Beef and Potato Stroganoff

I got this recipe from the Oct 2006 issue of Everyday with Rachael Ray. It was one of those that I clip out, store somewhere, and forget about for a year or two until I stumble across it and think, "Wow, I should make this..."

So tonight, I did.

It was just "ehh." It was super easy to make, so it would be a great weeknight meal, but I just wasn't all that impressed with it. Perhaps it would have tasted better if I used actual beef or sirloin rather than the turkey.

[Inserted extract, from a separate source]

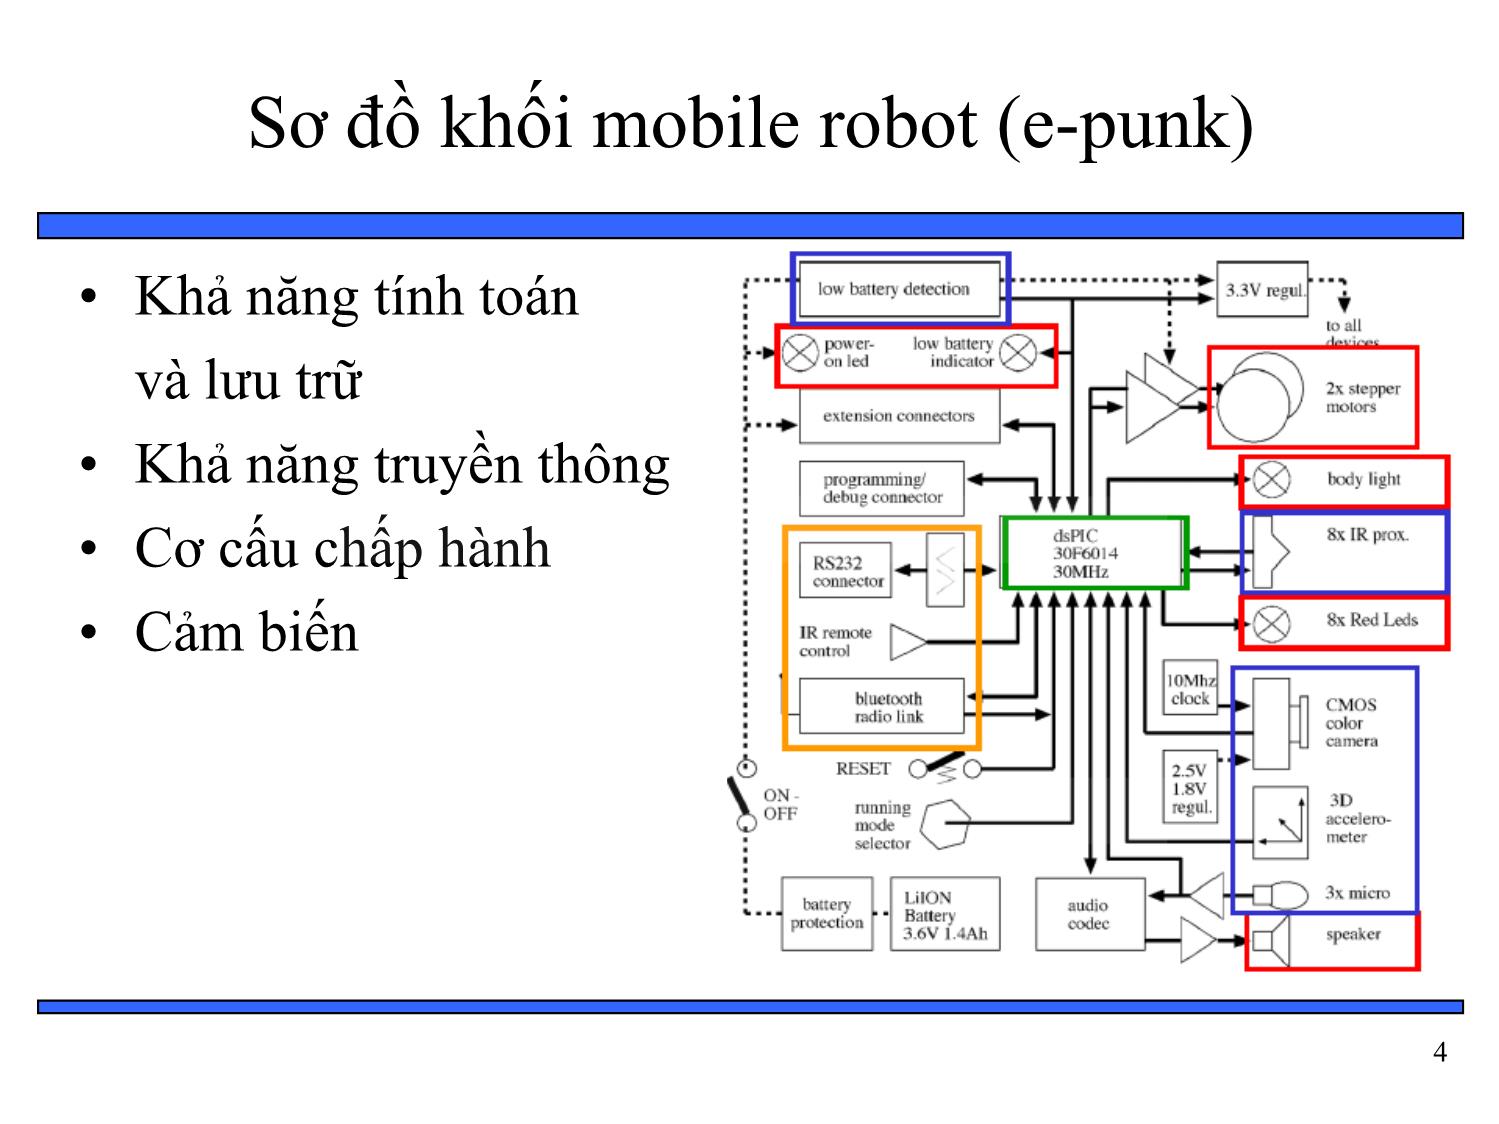 Bài giảng Thiết kế hệ thống nhúng - Chương 6: Tổng hợp phần cứng và phần mềm - Bài 10: Ví dụ về hệ thống nhúng mobile robot trang 4

  • 4 large russet potatoes (about 3lbs)
  • 2 tablespoons unsalted butter
  • 1 pound assorted mushrooms
  • 1 tablespoon onion powder (I chose to use an actual onion.)
  • 2 teaspoons garlic powder (See above - I used a couple of cloves of garlic.)
  • 1/2 cup heavy cream
  • 1 lb lean ground beef
  • Salt and freshly ground pepper
  • 1/2 cup sour cream at room temperature
  • Snipped chives, for garnish

1. Pierce the potatoes all over with a fork and microwave on high until cooked through, about 9 minutes. (Mine took almost 20!).

2. In a large skillet, heat the butter over medium-high heat, add the mushrooms and cook until golden, about 10 minutes. Stir in the onion powder, garlic powder and 3/4 cup water (I used beef stock.) and boil to reduce the liquid by half, about 2 minutes; stir in the heavy cream and remove from the heat.

3. In a medium saucepan, brown the ground beef over high heat, about 5 minutes. Remove with a slotted spoon and add to the mushroom mixture; season to taste with salt and pepper.

Slice one-third off the top of each potato and chop the tops. Using a spoon, hollow out each potato, leaving a thick wall. In a microwavable bowl, mash together the chopped potato, potato centers and sour cream. Season with salt and pepper and reheat in the microwave.

Return the beef and mushroom mixture to a simmer. Stuff the hollowed potatoes with the beef mixture and top with chives. Serve with the mashed potatoes.